It's early days and evidence is scarce. But the initial buzz around Surface Microsoft's answer to Apple's iPad is not the stuff tech legends are made of.
"Surface is a mess," said David Morgenstern, technology writer for online trade magazine ZDnet.com.
"For all the years that Microsoft has had to manage this transition, the Surface machines and OS don't have all the little bits and pieces nailed down and polished. It's all very first generation."
"Black Friday", the day after the US Thanksgiving holiday marking the start of the Christmas shopping season and often serves as a sales bonanza for the hottest new IT devices, has now come and gone. But so far the Surface appears to be sticking to store shelves, industry experts say.
Microsoft is not yet divulging sales data for its new product and analysts caution that it is still too early to say whether the software giant's big foray into touch-screen hardware is on the ropes.
But anecdotal information suggests that while consumers have shown some interest in the Surface, that "interest was not necessarily leading to sales", said Trip Chowdhry, analyst with Global Equities Research.
Microsoft CEO Steve Ballmer told a French newspaper that Surface sales were off to a "modest start", a choice of words followed quickly by a two percent drop in Microsoft shares and a swift damage control scramble by the company's public relations teams.
One bit of anecdotal evidence widely reported by US tech blogs was a report from researchers with the investment firm Piper Jaffray who monitored foot traffic - literally the numbers of people entering and exiting - at one Microsoft retail store in the sprawling Mall of America in the US state of Minnesota.
According to that report, there was 47 percent less customer traffic at the Microsoft store than at the Apple outlet situated directly across the hall.
Reviews of the Surface have been mixed so far. While critics praise the look and the design, they were less than thrilled about the software, functionality, and the retail price starting at $500.

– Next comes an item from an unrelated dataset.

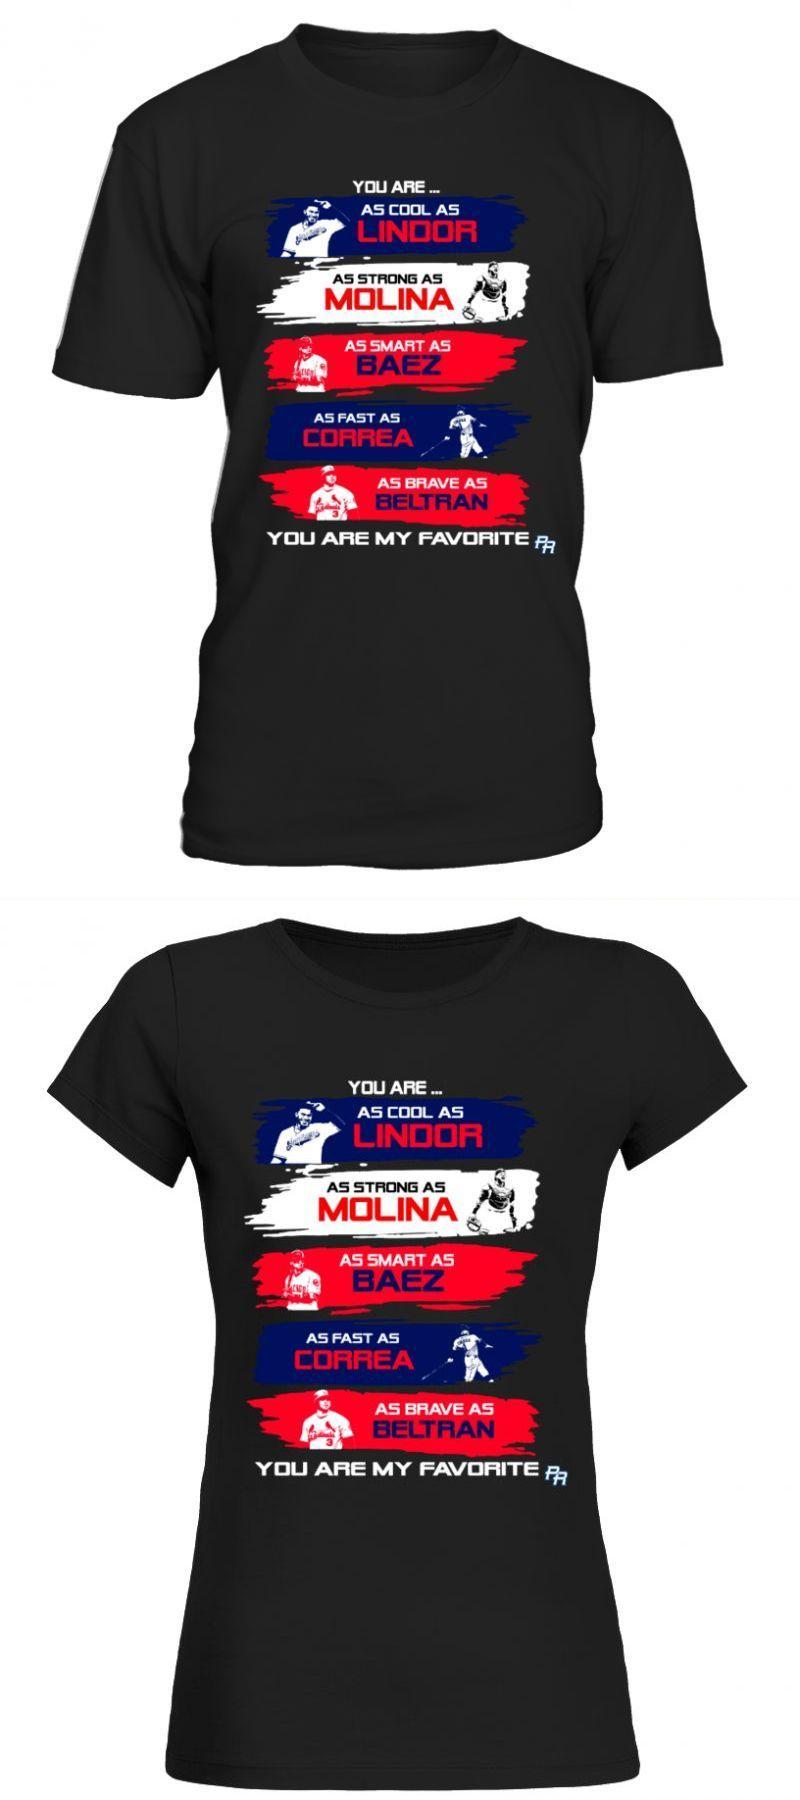 d75d223a253 My Baseball Team Shirts - DREAMWORKS

Another gripe is the Window's app store that has only a fraction of the applications of rival Apple. Notably missing are applications for popular social networks Facebook and Twitter.
But the Redmond, Washington-based Microsoft is heavily invested in the Surface's success and launched an aggressive marketing campaign that reportedly cost more than $1 billion to generate positive, youthful mojo and prepare the ground for early sales.
And while Microsoft has resorted to pop-up stores, billboards, and splashy TV ads with big name US celebrities including actress Jessica Alba and singer Gwen Stefani, apparently even some of the firm's hired big guns still prefer Apple products.
For instance, media mogul Oprah Winfrey's endorsement of the Surface raised eyebrows when she tweeted her love for Microsoft's new tablet, from her iPad.
Still, tech experts point out that it has not yet been even one month since the Surface hit stores and say it is too early to discern the fate Microsoft's latest creation.
"Microsoft still has a huge market share advantage in desktops and laptops more than 93 percent. Yes, it's made mistakes in mobile computing and tablets. And perhaps again with its latest Windows release. But Microsoft isn't going anywhere and its problems may turn around," said Morgenstern in a blog post.